- Australian film poster
- Directed by: Peter Weir
- Screenplay by: Peter Weir; Tony Morphett; Petru Popescu;
- Produced by: Hal McElroy; Jim McElroy; ;
- Starring: Richard Chamberlain; Olivia Hamnett; Gulpilil; Nandjiwarra Amagula;
- Cinematography: Russell Boyd
- Edited by: Max Lemon
- Music by: Charles Wain
- Production companies: McElroy & McElroy; South Australian Film Corporation; Australian Film Commission; Ayer Productions;
- Distributed by: United Artists
- Release date: 13 December 1977;
- Running time: 106 minutes
- Country: Australia
- Language: English
- Budget: A$818,000
- Box office: A$1.258 million (Australia); $866,250 (US);

= The Last Wave =

1977 film by Peter Weir

The Last Wave (also released in the United States as Black Rain) is a 1977 Australian mystery drama film directed and co-written by Peter Weir, starring Richard Chamberlain, Olivia Hamnett and David Gulpilil (billed as “Gulpilil”).

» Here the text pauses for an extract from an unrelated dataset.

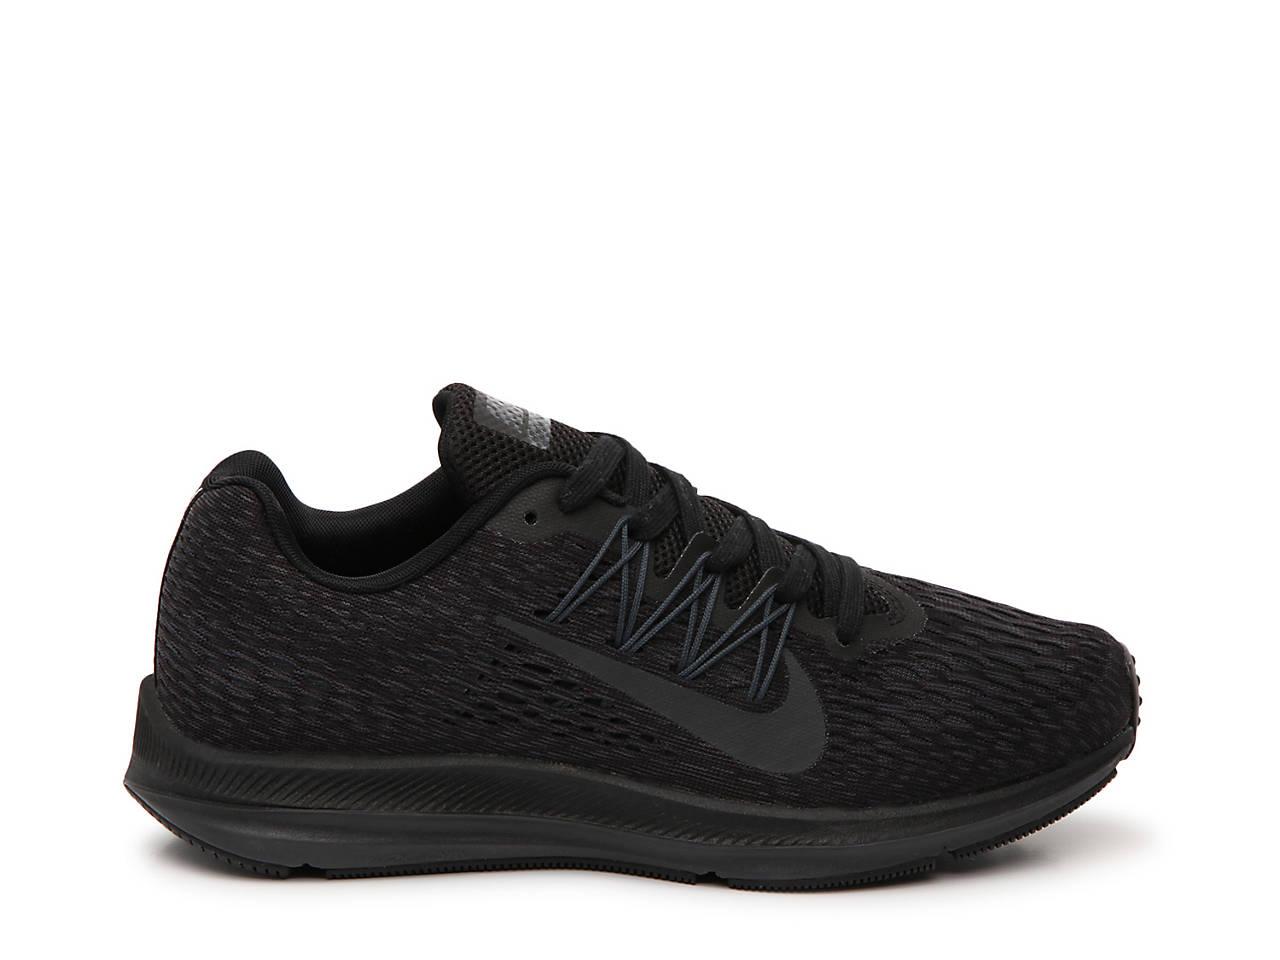 1c7e09c8d4e30 Nike Zoom Winflo 5 Running Shoe - Women s Women s Shoes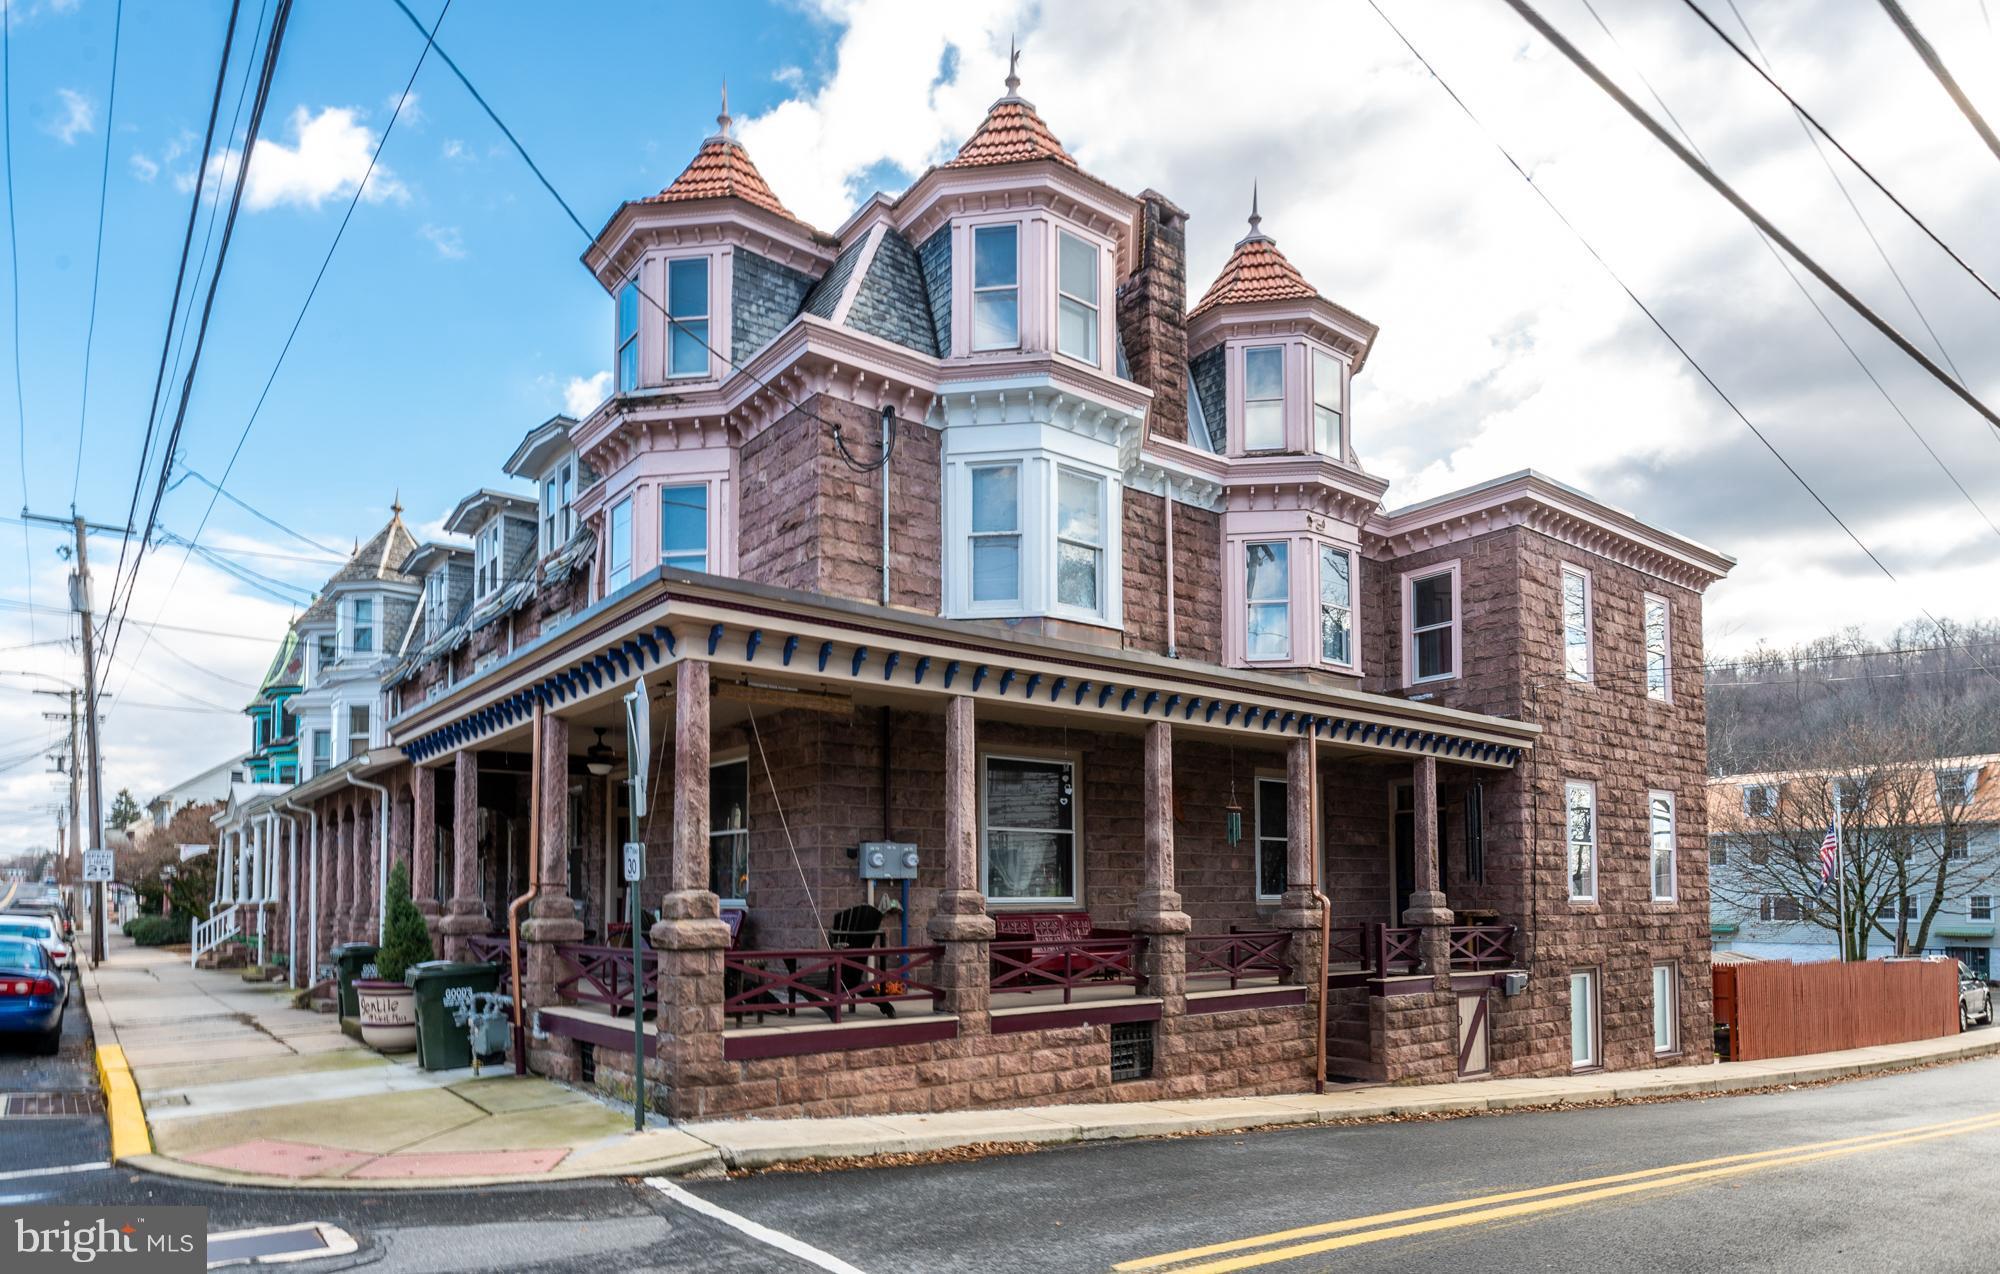 79 W MAIN STREET, ADAMSTOWN, PA 19501

It is about a white solicitor in Sydney whose seemingly normal life is disrupted after he takes on a murder case and discovers that he shares a strange, mystical connection with the small group of local Aboriginal people accused of the crime.

Released by United Artists on December 13, 1977, it received positive reviews from critics and was nominated for seven AFI Awards, including Best Direction, Best Original Screenplay, and Best Actor for Chamberlain. It is considered one of the major works of the Australian New Wave.

==Plot==
The film opens with a montage of scenes of daily life in Australia in the 1970s— a rural school in the desert with children playing, the main street of an Outback town, a traffic jam in the city— all being affected by unusually adverse weather conditions that suddenly appear. These include heavy rainfall followed by unusually large chunks of hail breaking through the windows of the school injuring students, a frog infestation, and other anomalies. Only the local Aboriginal people seem to recognise the cosmological significance of these weather phenomena.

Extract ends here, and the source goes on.